── Information provided

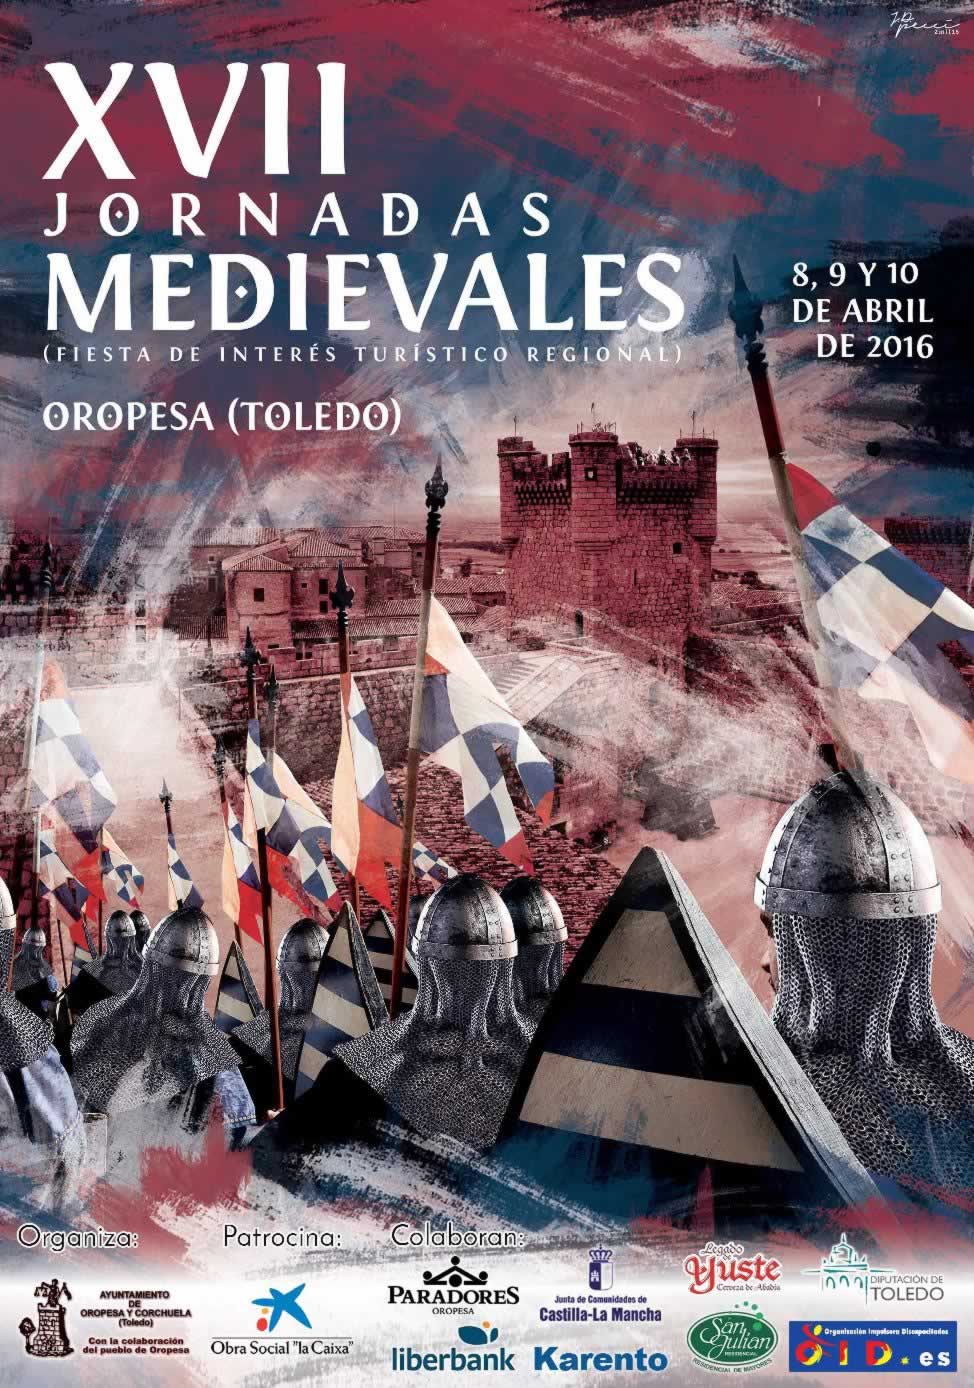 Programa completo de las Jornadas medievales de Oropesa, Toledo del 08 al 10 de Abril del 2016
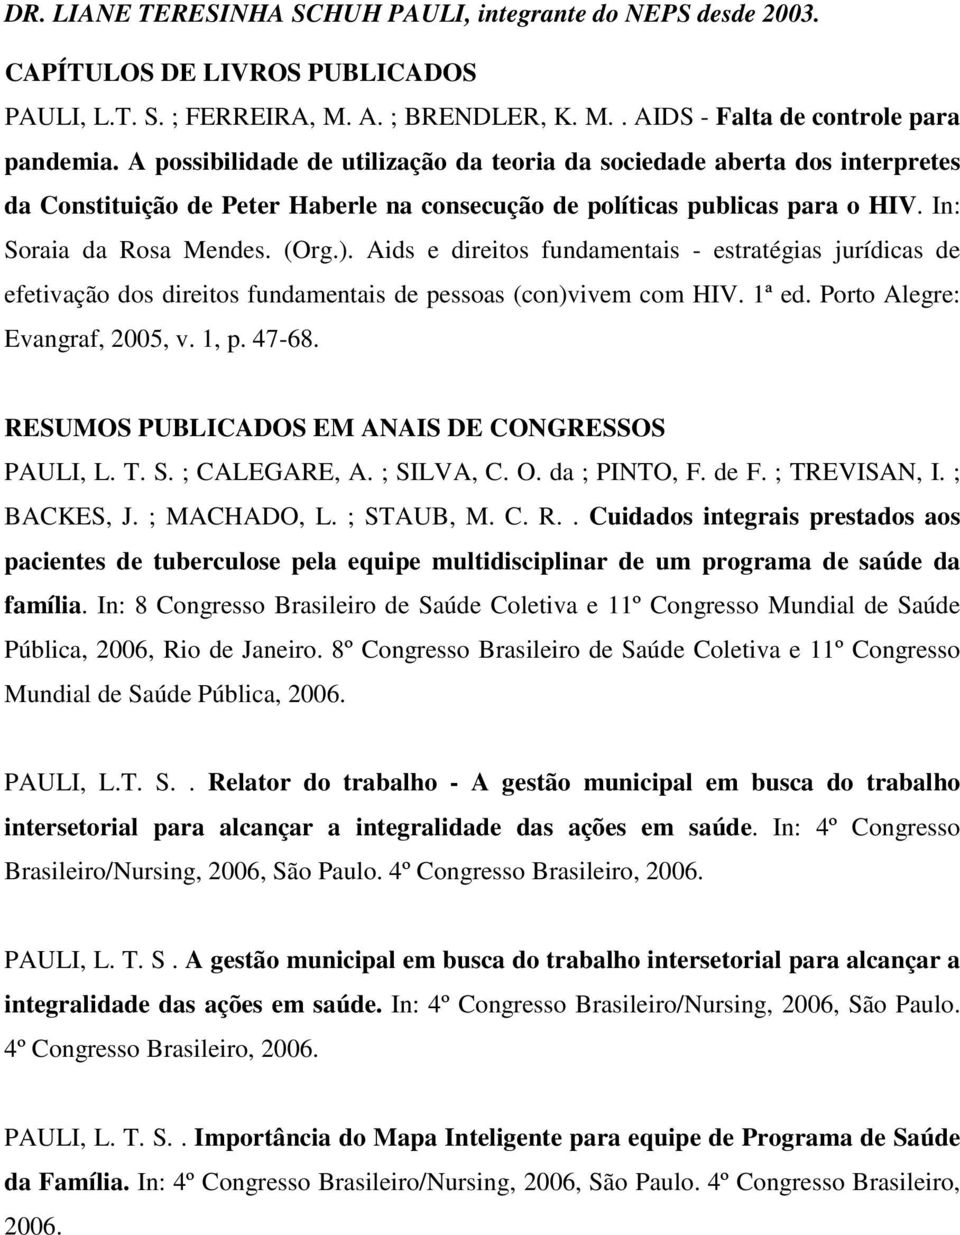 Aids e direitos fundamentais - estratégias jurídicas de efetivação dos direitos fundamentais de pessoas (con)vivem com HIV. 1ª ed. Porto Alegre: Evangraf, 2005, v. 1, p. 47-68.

────
── Information provided

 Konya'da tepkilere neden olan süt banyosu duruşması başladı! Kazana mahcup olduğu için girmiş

────
── Information provided

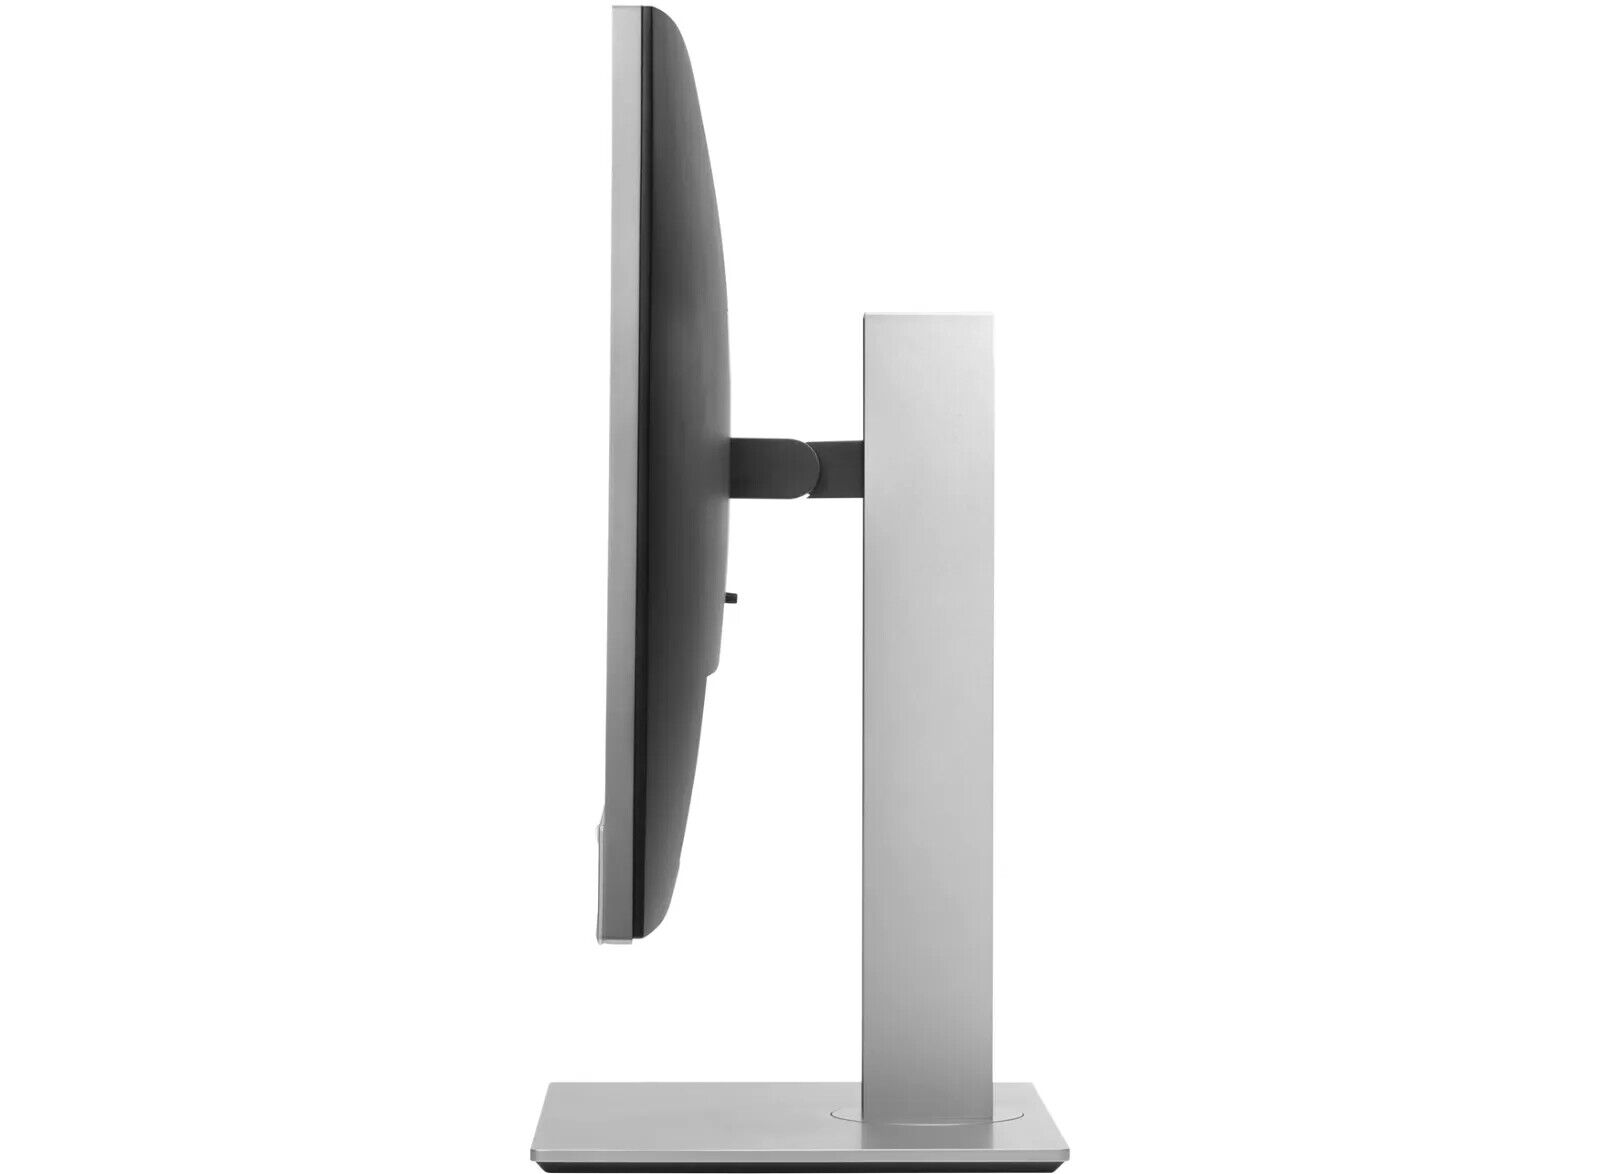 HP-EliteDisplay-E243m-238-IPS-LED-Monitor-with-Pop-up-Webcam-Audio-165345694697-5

────

◆ Task prompt
Out of the records above, set down only the lines from the one that contains "Programa completo de" through the one that contains "Aids e direitos", unchanged and without the pictures.

◆ The completed task
 Programa completo de las Jornadas medievales de Oropesa, Toledo del 08 al 10 de Abril del 2016
 Aids e direitos fundamentais - estratégias jurídicas de efetivação dos direitos fundamentais de pessoas (con)vivem com HIV. 1ª ed. Porto Alegre: Evangraf, 2005, v. 1, p. 47-68.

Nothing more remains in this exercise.